The World of Polar Bears
14 facts about polar bears
The African savannah has lions, and in the Arctic we have polar bears. Check out these facts that you probably did not know about the King of the Arctic.
This wild, yet cuddly looking creature dominates our ice-covered wilderness, and is at the very top of the food chain. If you are lucky, you may see a polar bear on Svalbard, perhaps on one of our boat or snowmobile tours.
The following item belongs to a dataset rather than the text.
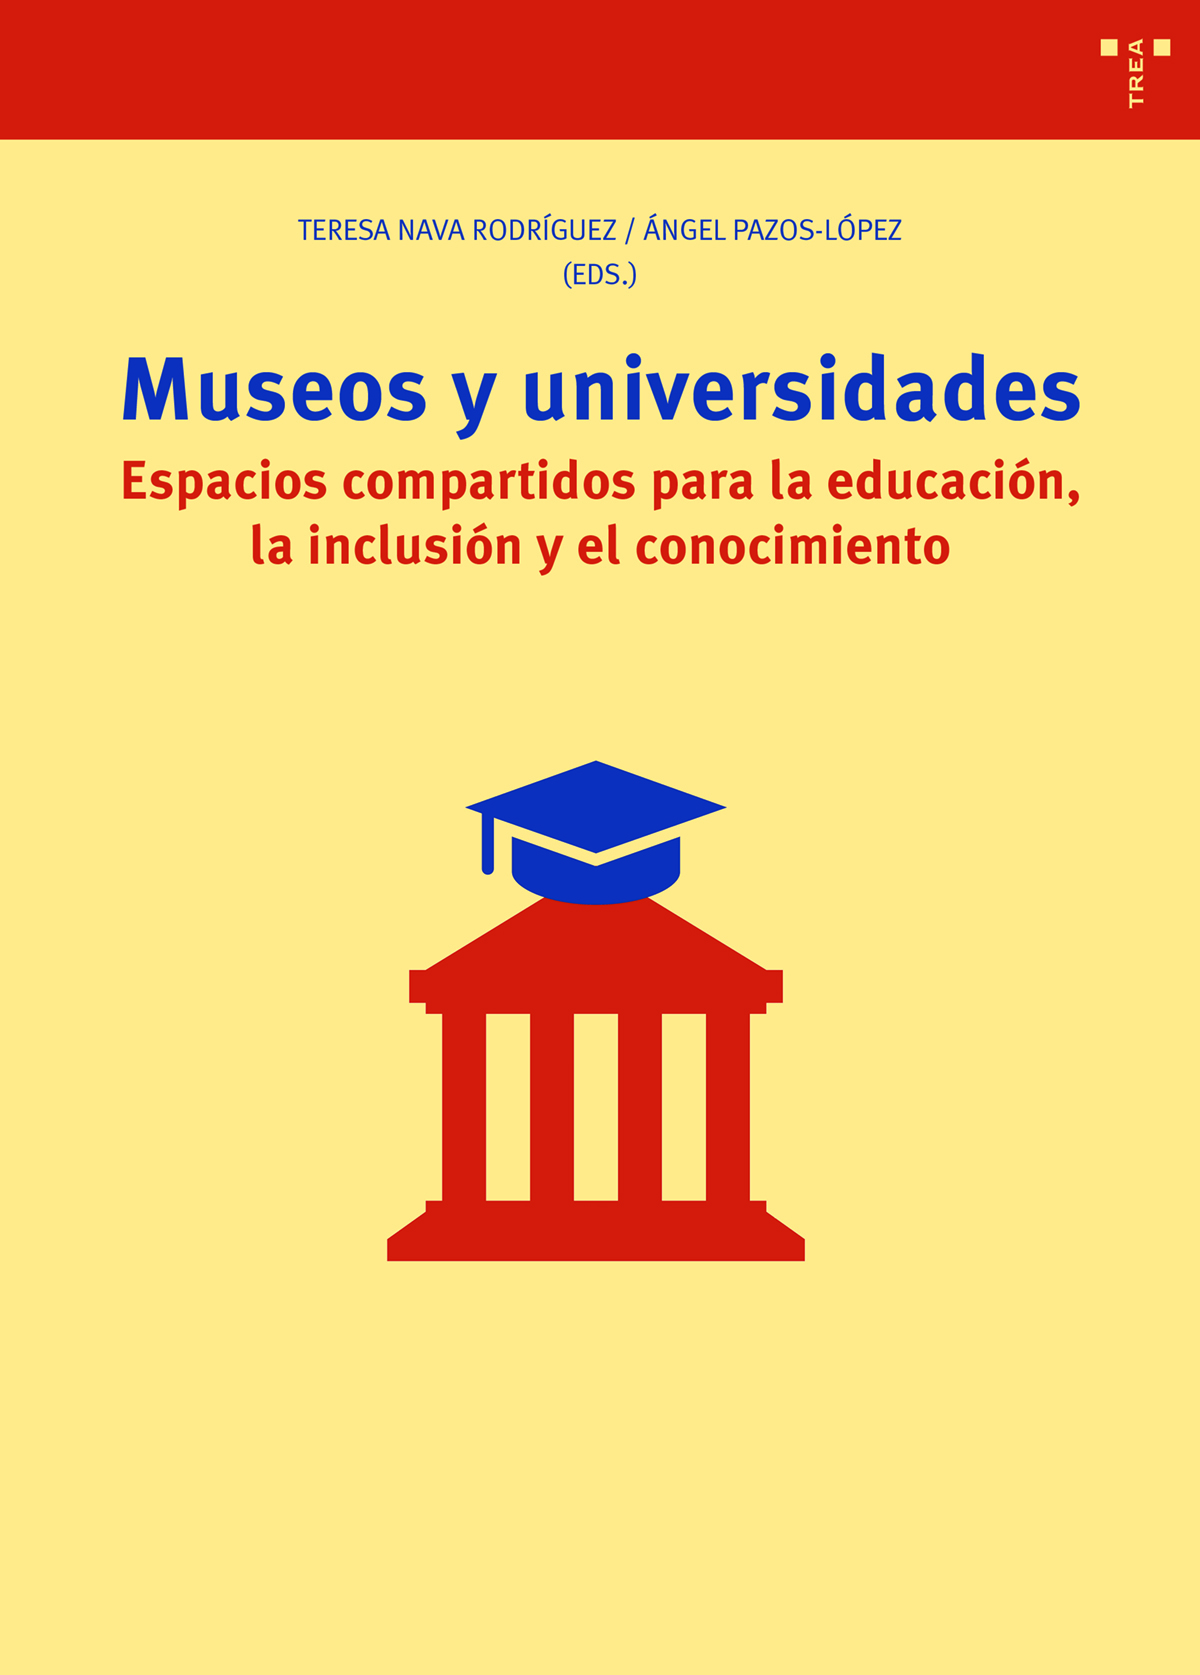 Museos y universidades   «Espacios compartidos para la educación, la inclusión y el conocimiento»

- The longest documented unbroken swim taken by a polar bear was 685 km over 6 days. Watch out, Michael Phelps – that’s the same distance as Washington DC to Boston. During the swim, the female bear lost 22 percent of her bodyweight. Studies show that we can expect more long distance swimmers amongst the polar bears in the future, due to the shrinking ice cover.
- The latin name for the polar bear is ‘ursus maritimus’, which means sea bear. In Inuit mythology, the polar bear is known as ‘Pihoqahiak’ – the ever-wandering one.
- When we first look at languages, the polar bear is known as isbjørn (ice bear) in Norwegian, and is often called ‘kvitbjørn’ (white bear) or ‘polarbjørn’ (polar bear). Other names that are used include ‘Kongen av Arktis’ (The King of the Arctic) and less understandably ‘gammel man i skinnkappe’ (Old man in a fur jacket)
- Polar bear females generally give birth to two young which live with their mother for more than two years, until they can hunt and survive on their own. The females receive no assistance from the males.
- On average, the weight of an adult female bear is about 250 kg. Whilst pregnant, the females can weigh up to 500 kg. A fully grown male bear weighs around 450 kg.
- In the wild, polar bears live for an average of 15 to 18 years.
- These bears are amongst the animals that are most affected by climate change, as their home is literally melting under their feet.
- Seal is the preferred meal for polar bears.
- They are amongst the largest carnivorous mammals, and are the largest member of the bear family.
- Polar bears can have blubber up to 10 cm thick. Under their light fur – which makes for excellent camouflage – polar bears have dark skin, which helps the warmth from the sun to sink in. Their fur even grows under their claws, which helps protect them from cold surfaces.
- Even if most polar bears are born on land, they spend most of their life at sea. Two of the most important habitats for polar bears in the Arctic are the Beaufort Sea and the Chukchi Sea.
- Polar bears are the only bear that is considered to be a marine animal.
- Even if polar bears look adorable, they are powerful carnivores who are seldom afraid of humans, which makes them very dangerous.
- These Arctic kings have no natural enemies.